Saved entries
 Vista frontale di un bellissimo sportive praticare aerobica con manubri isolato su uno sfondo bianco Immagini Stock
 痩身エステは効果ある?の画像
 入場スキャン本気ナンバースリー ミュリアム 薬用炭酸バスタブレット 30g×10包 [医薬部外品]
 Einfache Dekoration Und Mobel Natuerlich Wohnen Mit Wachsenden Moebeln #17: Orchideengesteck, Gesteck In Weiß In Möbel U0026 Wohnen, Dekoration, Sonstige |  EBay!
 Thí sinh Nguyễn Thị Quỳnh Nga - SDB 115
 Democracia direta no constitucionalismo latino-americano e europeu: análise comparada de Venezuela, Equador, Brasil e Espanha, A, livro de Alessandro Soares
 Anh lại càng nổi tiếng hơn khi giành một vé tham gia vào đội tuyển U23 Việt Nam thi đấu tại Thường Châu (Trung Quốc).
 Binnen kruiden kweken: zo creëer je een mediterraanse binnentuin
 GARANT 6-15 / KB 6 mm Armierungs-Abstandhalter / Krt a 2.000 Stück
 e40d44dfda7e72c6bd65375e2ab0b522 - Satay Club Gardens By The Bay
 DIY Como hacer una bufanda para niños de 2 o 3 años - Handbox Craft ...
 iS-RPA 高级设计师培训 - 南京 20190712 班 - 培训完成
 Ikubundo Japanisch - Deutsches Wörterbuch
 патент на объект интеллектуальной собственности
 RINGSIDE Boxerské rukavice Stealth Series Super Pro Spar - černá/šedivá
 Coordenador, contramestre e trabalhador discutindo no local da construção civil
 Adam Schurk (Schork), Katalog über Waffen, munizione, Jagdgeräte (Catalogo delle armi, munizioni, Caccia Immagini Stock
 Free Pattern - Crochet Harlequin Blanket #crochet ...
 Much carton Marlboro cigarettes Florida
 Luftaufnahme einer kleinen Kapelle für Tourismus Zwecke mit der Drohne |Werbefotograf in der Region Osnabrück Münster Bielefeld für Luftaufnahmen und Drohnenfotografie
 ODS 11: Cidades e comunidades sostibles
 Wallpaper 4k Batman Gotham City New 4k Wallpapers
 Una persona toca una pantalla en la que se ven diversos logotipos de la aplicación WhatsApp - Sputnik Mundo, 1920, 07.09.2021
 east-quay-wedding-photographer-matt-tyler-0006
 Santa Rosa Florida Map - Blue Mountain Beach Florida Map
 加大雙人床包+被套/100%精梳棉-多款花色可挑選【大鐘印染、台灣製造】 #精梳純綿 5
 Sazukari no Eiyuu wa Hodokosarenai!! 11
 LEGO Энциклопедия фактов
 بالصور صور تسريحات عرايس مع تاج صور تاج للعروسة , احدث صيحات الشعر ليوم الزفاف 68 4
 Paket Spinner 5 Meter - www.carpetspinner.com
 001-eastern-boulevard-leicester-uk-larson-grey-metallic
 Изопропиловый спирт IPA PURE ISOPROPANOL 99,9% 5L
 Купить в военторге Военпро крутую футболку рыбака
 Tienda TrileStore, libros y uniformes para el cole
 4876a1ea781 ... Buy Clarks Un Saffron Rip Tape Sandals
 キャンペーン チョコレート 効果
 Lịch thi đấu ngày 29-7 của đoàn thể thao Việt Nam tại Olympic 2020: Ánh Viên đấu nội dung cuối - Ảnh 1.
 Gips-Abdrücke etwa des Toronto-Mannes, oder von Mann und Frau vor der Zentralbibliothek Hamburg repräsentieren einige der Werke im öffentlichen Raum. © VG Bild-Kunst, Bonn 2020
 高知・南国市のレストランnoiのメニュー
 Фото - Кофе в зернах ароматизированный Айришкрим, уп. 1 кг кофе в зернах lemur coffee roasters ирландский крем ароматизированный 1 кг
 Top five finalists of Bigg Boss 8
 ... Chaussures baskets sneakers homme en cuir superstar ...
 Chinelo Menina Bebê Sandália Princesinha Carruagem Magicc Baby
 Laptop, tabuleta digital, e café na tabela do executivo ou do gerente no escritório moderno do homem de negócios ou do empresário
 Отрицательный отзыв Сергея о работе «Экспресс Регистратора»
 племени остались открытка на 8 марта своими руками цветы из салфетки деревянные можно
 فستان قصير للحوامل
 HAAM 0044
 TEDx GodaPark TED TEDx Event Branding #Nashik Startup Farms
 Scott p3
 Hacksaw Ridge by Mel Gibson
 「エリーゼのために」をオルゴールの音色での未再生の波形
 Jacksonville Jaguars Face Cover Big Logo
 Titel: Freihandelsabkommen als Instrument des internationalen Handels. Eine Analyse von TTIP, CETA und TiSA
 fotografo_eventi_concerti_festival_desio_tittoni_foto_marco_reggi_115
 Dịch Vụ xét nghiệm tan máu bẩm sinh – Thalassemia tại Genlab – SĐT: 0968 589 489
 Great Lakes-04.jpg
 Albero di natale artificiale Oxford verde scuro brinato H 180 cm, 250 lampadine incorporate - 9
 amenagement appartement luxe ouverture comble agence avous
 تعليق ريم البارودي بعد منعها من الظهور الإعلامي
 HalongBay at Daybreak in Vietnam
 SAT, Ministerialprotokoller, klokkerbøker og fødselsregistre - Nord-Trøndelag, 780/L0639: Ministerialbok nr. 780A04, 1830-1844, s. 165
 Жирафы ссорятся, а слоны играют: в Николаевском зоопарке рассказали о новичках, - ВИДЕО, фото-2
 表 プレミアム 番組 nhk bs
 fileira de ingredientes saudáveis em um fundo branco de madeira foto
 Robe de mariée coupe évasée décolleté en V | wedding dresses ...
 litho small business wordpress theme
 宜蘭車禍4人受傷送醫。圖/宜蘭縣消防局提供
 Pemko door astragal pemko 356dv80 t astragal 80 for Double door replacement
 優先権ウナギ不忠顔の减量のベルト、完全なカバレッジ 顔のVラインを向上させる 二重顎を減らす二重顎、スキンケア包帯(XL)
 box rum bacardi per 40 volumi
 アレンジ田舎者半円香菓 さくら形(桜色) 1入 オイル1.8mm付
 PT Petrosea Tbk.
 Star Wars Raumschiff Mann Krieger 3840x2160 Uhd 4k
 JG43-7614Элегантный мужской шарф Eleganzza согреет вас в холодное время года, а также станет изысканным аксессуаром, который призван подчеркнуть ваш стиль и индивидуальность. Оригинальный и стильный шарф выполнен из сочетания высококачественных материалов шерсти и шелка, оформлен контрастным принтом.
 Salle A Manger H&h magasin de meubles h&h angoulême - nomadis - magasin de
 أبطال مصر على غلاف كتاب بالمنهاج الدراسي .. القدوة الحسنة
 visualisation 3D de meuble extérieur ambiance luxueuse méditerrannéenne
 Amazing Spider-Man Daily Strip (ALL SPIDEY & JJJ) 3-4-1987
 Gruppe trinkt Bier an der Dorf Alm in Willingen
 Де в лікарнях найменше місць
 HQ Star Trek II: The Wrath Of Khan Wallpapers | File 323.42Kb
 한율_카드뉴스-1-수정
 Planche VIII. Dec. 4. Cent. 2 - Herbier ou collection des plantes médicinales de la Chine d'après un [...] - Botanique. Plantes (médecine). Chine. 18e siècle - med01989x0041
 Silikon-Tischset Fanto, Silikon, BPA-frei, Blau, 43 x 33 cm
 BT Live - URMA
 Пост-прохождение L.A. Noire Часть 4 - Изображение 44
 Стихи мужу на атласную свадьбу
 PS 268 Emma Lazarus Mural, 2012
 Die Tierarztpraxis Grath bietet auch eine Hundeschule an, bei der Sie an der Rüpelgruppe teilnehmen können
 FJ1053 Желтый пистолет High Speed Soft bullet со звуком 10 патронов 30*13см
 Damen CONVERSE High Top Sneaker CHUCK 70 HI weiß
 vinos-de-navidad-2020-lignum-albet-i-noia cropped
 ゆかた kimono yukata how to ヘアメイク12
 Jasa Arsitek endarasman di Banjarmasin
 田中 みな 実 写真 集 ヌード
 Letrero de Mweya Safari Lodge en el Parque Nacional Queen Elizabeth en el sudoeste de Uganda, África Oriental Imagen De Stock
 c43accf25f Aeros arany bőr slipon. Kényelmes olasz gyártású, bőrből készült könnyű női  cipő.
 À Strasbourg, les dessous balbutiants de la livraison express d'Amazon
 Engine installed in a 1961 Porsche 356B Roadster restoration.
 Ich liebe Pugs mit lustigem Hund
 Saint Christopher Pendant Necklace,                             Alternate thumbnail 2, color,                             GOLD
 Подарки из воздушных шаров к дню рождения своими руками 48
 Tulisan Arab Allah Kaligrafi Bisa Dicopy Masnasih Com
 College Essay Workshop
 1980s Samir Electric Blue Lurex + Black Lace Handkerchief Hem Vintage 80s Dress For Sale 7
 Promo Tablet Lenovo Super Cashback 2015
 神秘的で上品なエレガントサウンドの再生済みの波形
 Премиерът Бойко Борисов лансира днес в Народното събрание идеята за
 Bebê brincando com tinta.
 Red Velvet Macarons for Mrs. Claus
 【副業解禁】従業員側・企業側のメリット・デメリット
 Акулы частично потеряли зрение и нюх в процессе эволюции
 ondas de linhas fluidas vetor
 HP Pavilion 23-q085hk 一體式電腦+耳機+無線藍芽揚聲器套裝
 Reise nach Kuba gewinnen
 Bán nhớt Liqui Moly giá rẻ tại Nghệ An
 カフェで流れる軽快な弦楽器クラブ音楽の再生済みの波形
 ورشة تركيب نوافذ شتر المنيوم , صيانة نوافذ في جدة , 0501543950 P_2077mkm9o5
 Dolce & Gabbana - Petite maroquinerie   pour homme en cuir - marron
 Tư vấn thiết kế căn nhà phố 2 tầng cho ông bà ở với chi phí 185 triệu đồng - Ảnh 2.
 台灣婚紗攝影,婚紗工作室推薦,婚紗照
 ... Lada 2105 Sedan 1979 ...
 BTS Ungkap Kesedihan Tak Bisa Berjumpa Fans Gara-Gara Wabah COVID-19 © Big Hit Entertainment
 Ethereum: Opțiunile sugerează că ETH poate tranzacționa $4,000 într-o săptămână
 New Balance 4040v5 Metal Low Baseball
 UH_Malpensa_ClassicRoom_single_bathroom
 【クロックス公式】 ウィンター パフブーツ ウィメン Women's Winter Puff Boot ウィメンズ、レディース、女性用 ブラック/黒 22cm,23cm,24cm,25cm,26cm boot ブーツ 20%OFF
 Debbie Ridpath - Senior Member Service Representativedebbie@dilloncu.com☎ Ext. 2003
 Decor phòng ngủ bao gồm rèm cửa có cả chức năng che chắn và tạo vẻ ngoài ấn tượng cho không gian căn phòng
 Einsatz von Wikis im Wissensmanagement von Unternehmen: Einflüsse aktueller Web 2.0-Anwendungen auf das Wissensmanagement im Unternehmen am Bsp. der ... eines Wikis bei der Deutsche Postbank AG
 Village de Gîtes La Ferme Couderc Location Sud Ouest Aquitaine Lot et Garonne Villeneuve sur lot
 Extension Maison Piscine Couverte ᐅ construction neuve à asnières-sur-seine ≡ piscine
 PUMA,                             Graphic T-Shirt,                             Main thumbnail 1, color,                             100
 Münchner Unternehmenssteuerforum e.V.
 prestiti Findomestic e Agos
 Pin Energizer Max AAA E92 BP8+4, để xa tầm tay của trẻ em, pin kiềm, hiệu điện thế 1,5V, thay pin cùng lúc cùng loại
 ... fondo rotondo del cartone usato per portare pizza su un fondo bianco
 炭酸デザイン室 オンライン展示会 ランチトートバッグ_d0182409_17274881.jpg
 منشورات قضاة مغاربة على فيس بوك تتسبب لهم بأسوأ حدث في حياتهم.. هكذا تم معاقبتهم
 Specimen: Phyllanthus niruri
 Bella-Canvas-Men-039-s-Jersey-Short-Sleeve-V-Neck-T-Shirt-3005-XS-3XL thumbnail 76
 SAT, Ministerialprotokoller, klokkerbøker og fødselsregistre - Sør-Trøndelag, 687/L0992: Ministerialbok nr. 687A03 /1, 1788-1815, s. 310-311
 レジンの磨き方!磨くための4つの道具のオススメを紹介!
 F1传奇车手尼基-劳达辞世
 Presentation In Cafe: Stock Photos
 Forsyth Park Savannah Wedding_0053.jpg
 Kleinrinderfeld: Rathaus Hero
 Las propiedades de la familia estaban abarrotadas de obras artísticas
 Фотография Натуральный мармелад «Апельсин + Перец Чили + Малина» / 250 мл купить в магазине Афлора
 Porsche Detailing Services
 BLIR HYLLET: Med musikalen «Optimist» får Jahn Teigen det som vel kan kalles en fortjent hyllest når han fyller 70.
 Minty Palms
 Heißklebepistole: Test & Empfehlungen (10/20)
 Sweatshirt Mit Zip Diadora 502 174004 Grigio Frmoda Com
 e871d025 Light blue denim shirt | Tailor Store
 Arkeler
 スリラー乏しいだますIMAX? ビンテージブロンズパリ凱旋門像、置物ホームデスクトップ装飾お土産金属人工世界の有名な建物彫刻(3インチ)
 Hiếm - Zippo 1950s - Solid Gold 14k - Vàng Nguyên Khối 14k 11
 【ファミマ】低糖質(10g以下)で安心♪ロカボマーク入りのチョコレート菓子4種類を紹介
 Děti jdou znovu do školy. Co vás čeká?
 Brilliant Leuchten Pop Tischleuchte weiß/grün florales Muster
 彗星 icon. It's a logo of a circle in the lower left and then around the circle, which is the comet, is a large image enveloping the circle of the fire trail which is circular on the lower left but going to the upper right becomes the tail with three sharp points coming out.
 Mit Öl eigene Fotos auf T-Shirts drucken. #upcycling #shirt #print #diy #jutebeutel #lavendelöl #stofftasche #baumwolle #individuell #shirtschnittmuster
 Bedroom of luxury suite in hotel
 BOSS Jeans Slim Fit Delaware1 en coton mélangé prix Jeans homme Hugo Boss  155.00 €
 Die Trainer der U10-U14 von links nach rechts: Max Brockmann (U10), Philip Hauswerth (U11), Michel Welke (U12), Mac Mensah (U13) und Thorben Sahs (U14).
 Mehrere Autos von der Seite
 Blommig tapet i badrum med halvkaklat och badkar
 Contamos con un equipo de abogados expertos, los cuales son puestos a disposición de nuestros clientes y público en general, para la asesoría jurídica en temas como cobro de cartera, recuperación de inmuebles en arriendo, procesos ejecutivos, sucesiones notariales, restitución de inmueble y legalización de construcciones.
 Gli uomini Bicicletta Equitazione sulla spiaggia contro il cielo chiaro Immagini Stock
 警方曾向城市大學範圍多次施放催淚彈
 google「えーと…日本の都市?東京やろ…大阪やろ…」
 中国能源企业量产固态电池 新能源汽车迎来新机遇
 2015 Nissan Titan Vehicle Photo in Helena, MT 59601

→ What is required: Print, from the entries above, the line with "Forsyth Park Savannah Wedding_0053.jpg", the line with "Heißklebepistole: Test &" and all lines between them, exactly and with nothing else.

→ Response:
 Forsyth Park Savannah Wedding_0053.jpg
 Kleinrinderfeld: Rathaus Hero
 Las propiedades de la familia estaban abarrotadas de obras artísticas
 Фотография Натуральный мармелад «Апельсин + Перец Чили + Малина» / 250 мл купить в магазине Афлора
 Porsche Detailing Services
 BLIR HYLLET: Med musikalen «Optimist» får Jahn Teigen det som vel kan kalles en fortjent hyllest når han fyller 70.
 Minty Palms
 Heißklebepistole: Test & Empfehlungen (10/20)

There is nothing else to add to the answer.